So many cases, so little court time
Let’s talk about a rock and a hard place. Or, more to the point, how an overstretched judiciary in the Atlantic region is going to deal with new guidelines from the Supreme Court of Canada about the right to have a swift trial.
I’ve written before about the risks for cases already in the court system — how, across the Atlantic region, cases where there is good, strong, compelling evidence of the guilt of people charged with offences are going to be stayed, permanently halted, because it’s taken too long to get them into the courts.
The stays — issued as a result of time limits outlined in a Supreme Court of Canada decision known as R vs. Jordan — are certainly going to bring a group of cases to an abrupt end. But the impact doesn’t end there; it may well be that provincial governments across the country are going to have to spend more — and considerably enlarge — their court infrastructure to meet those time deadlines.
A case in Nova Scotia’s Supreme Court illustrates, in two different ways, why that problem is far from a one-time event.

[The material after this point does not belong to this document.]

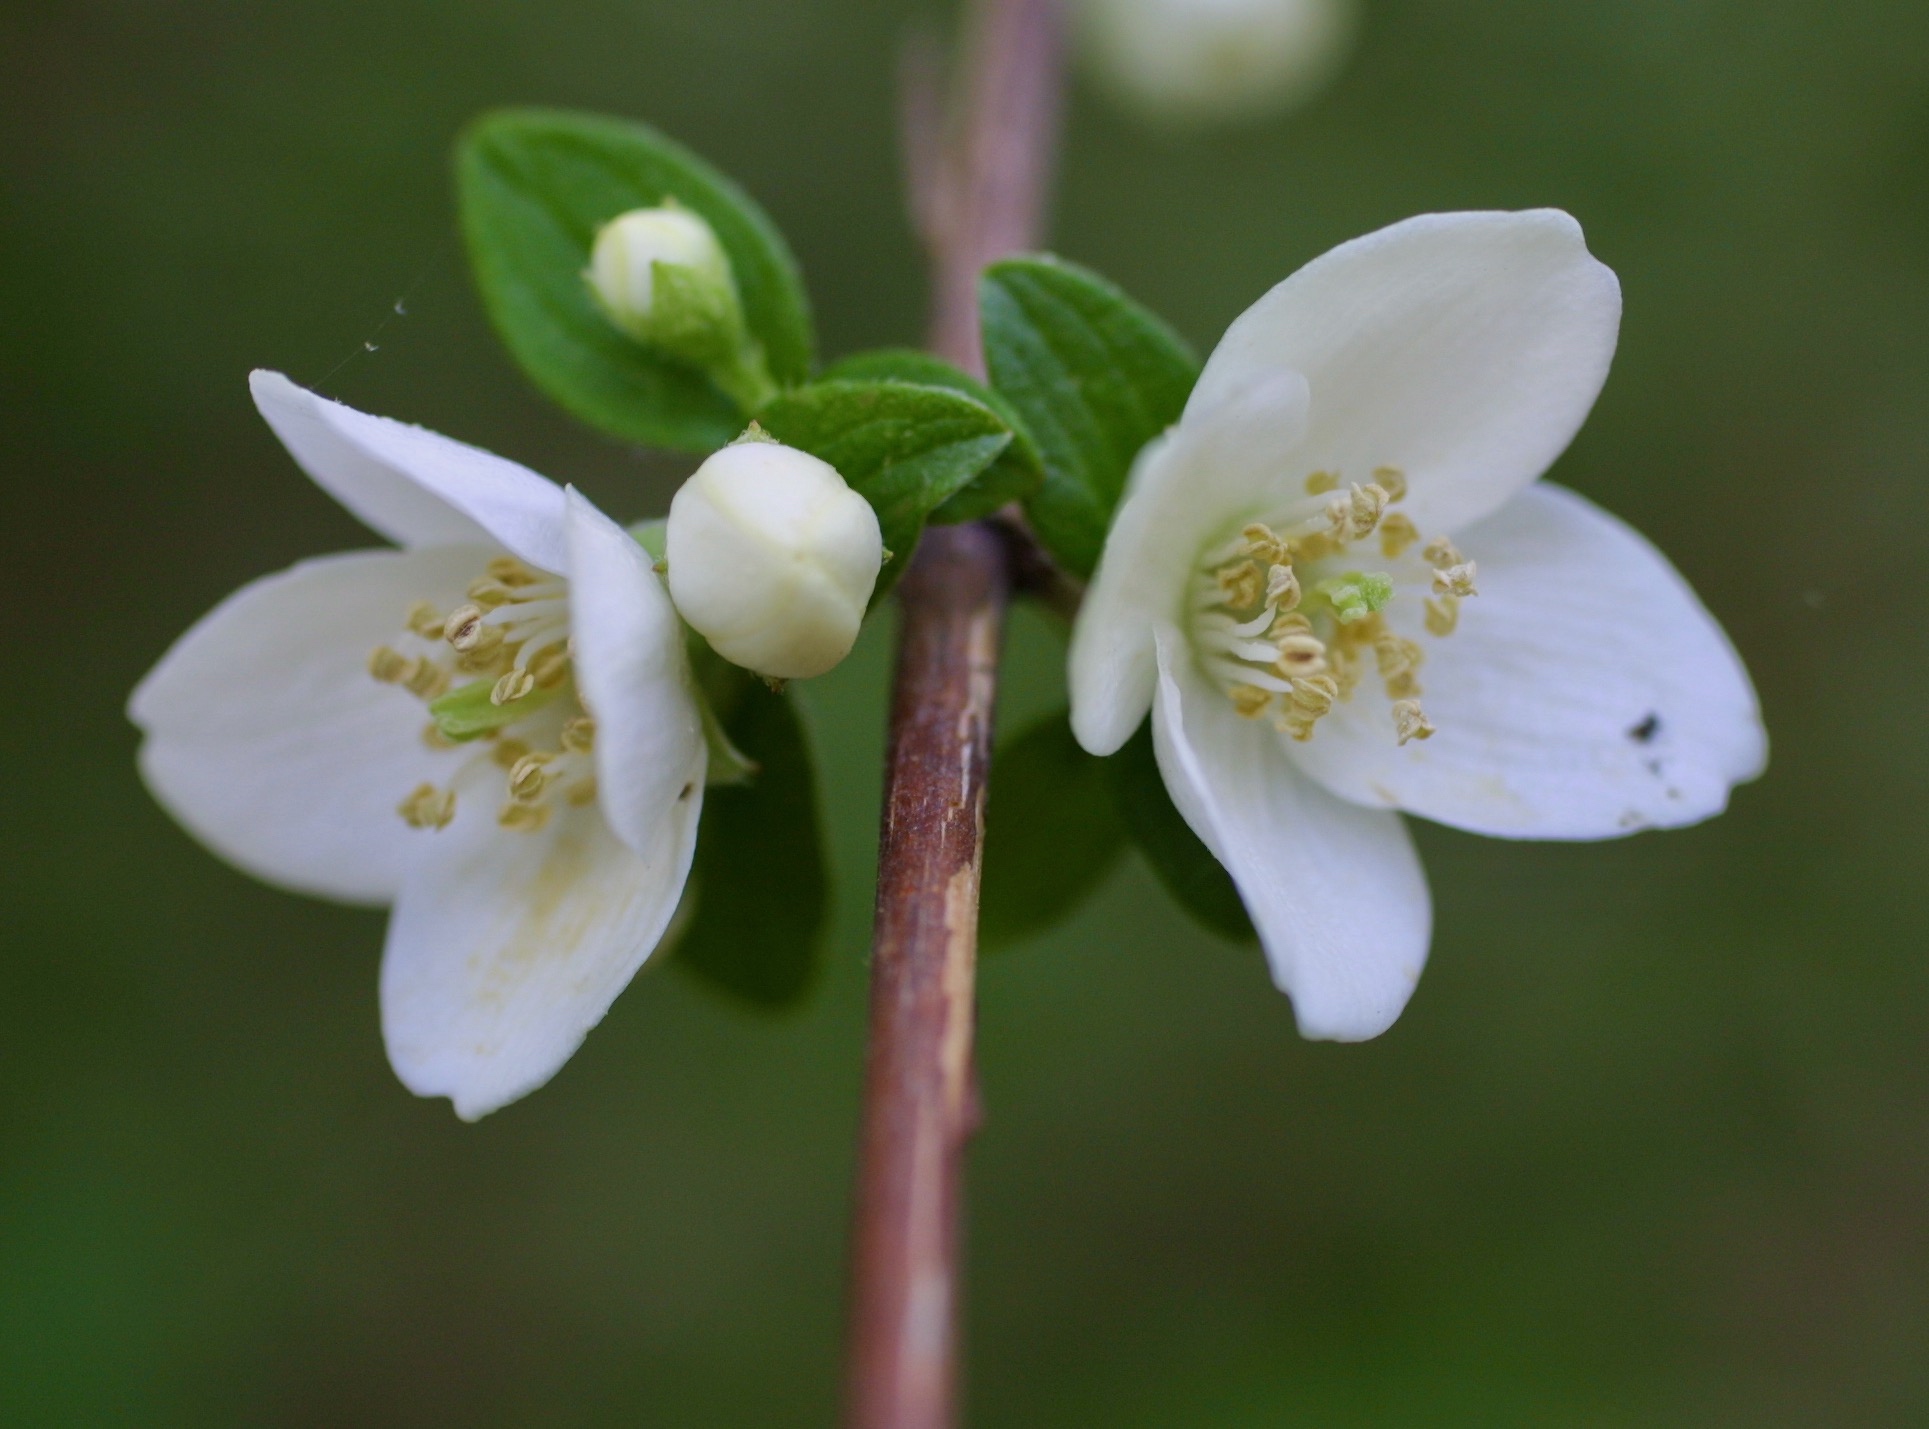 The Scientific Name is Philadelphus inodorus. You will likely hear them called Appalachian Mock-orange. This picture shows the Opposite leaves and showy white flowers lacking fragrance of Philadelphus inodorus

The case is Robert Blois Colpitts vs. Her Majesty the Queen (you can read about it here: http://bit.ly/2k2nLKJ ). Justice Kevin Coady is right now in the middle of hearing the case, which involves charges that Colpitts was involved in manipulating the public share price for a com- pany called Knowledge House, a Nova Scotian e-learning business that collapsed in 2001. Charges weren’t laid until 2011 — investors lost $31 million.
But while Knowledge House is a story in itself, it’s one of the latest decisions in the case that points out the woes in our justice system.
In a written decision filed Jan. 24, Justice Coady pointed out a recent study showing the growth in the number of prisoners sitting in jail waiting for a court date: “Nova Scotia has the highest proportion of inmates (68 per cent) who are in jails on remand waiting for a judge, a jury or an open courtroom.” That was a 192 per cent increase in the number of prisoners waiting for trial.
Justice Coady also pointed out the tremendous institutional delay involved in getting into court: “The wait time for trials in this court is lengthy. The earliest date for a threeday trial is December 27, 2017. The earliest date for a twoweek trial is February 16, 2018. The recent Supreme Court of Canada decision in R. vs. Jordan … has placed tremendous pressure on this court to complete criminal trials within 30 months from charge”
Think about that: that means a year lost, 12 months out of 30, without even taking into account the other delays in lawyer availability, time taken for full disclosure, and everything else that has to be handled before a trial.
Then, there’s the other side of the coin: the amount of time some trials take.
“If this were a relatively short trial this problem would be less alarming,” Coady wrote. “However, we are 115 days into this trial with no indication of when the evidence will be completed. This state of affairs cannot go on forever. The time has come for me to control this process which is presently chewing up massive judicial resources and blocking others from accessing the justice system.”
So, no court time, and lengthy trials.
On top of that, there is the system itself. There is a tremendous amount of lost time in the court system now, and judges regularly express frustration about it. When trials don’t go ahead, judges sit on their hands with no ability to reschedule cases. And when lawyers don’t accurately estimate how long trials will run, there are more logjams.
More courts, or more prosecutorial resources (i.e. more money) may end up being the only solution.